• [AVAILABLE RECORDS]
»»

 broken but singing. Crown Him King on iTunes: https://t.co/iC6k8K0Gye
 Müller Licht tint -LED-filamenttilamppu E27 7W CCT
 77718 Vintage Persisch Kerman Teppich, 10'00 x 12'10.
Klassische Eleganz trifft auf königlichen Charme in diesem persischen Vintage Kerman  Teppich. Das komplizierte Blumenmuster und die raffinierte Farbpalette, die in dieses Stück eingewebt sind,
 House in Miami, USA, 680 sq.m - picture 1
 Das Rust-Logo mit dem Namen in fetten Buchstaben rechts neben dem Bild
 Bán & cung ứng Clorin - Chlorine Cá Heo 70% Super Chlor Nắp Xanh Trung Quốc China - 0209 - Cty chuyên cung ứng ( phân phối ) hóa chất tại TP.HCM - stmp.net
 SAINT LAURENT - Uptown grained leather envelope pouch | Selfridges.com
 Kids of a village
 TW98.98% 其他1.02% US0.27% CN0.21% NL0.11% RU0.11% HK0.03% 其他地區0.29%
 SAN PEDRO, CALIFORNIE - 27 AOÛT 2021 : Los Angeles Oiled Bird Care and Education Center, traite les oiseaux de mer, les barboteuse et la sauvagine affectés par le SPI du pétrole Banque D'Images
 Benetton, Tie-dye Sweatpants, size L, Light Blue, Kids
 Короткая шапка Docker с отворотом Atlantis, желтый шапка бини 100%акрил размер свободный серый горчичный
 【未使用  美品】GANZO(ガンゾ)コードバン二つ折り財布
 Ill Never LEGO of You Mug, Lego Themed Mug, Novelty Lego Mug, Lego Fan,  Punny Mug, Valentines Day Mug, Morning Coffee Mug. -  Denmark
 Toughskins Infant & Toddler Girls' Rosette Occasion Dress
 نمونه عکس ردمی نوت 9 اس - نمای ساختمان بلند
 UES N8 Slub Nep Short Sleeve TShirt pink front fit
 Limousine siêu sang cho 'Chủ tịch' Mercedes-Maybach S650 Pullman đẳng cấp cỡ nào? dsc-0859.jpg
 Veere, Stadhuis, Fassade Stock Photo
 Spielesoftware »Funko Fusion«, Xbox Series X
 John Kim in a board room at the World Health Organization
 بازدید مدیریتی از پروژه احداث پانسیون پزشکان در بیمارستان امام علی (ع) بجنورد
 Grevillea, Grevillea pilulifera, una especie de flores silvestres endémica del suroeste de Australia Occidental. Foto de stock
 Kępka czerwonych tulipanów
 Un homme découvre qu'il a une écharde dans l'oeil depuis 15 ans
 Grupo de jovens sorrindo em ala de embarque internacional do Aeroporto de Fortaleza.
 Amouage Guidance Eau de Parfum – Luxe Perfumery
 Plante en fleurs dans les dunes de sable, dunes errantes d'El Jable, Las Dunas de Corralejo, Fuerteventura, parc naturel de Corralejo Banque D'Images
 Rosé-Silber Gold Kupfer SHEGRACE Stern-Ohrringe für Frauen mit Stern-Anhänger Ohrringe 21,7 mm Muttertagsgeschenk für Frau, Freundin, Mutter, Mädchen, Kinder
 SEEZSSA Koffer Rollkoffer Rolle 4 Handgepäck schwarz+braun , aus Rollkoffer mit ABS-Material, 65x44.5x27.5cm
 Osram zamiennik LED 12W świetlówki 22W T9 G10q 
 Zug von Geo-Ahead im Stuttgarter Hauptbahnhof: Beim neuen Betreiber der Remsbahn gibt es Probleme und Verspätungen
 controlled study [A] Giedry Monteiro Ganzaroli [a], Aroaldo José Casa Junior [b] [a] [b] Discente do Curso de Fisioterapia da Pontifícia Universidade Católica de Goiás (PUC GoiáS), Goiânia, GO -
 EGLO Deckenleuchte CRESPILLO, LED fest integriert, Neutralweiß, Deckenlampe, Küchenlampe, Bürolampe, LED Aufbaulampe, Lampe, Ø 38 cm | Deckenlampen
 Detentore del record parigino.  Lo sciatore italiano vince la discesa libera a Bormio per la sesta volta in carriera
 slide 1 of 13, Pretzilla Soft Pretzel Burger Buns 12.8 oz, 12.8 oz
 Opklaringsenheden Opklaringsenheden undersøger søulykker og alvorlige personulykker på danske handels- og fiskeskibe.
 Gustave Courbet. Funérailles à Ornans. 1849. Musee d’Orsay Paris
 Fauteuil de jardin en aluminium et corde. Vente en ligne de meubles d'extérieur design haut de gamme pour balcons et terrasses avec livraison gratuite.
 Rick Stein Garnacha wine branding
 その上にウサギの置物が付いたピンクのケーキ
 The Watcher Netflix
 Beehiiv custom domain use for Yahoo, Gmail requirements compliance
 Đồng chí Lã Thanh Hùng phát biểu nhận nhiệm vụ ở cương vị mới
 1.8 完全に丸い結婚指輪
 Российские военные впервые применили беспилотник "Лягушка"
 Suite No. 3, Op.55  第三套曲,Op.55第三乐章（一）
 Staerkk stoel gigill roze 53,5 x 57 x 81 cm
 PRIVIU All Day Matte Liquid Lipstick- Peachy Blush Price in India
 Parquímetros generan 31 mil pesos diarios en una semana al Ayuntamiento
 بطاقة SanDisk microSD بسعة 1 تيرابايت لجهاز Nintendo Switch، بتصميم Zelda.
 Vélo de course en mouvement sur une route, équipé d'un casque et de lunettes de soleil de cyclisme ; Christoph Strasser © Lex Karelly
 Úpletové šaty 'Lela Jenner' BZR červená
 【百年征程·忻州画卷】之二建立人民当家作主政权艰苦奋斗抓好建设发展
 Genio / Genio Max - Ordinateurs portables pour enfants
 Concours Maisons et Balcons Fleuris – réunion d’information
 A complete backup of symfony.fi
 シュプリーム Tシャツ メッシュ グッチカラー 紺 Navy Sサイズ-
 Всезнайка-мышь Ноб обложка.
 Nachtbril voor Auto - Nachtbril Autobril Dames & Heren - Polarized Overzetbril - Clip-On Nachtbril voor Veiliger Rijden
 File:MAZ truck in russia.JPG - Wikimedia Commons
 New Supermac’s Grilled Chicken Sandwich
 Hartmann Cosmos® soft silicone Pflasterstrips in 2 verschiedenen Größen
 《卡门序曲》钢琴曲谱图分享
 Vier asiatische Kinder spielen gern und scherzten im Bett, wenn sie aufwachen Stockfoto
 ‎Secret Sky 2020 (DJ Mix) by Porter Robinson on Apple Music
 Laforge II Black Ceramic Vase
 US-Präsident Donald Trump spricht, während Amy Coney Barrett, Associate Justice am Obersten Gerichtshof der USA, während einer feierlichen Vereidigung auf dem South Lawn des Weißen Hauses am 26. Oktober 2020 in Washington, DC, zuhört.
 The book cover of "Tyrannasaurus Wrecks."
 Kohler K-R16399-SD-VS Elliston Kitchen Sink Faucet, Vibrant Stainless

««

• [EXERCISE BRIEF]
Where the word "Teppich" shows up in a line of the entries above, copy that line.

• [EXPECTED ANSWER]
 77718 Vintage Persisch Kerman Teppich, 10'00 x 12'10.
Klassische Eleganz trifft auf königlichen Charme in diesem persischen Vintage Kerman  Teppich. Das komplizierte Blumenmuster und die raffinierte Farbpalette, die in dieses Stück eingewebt sind,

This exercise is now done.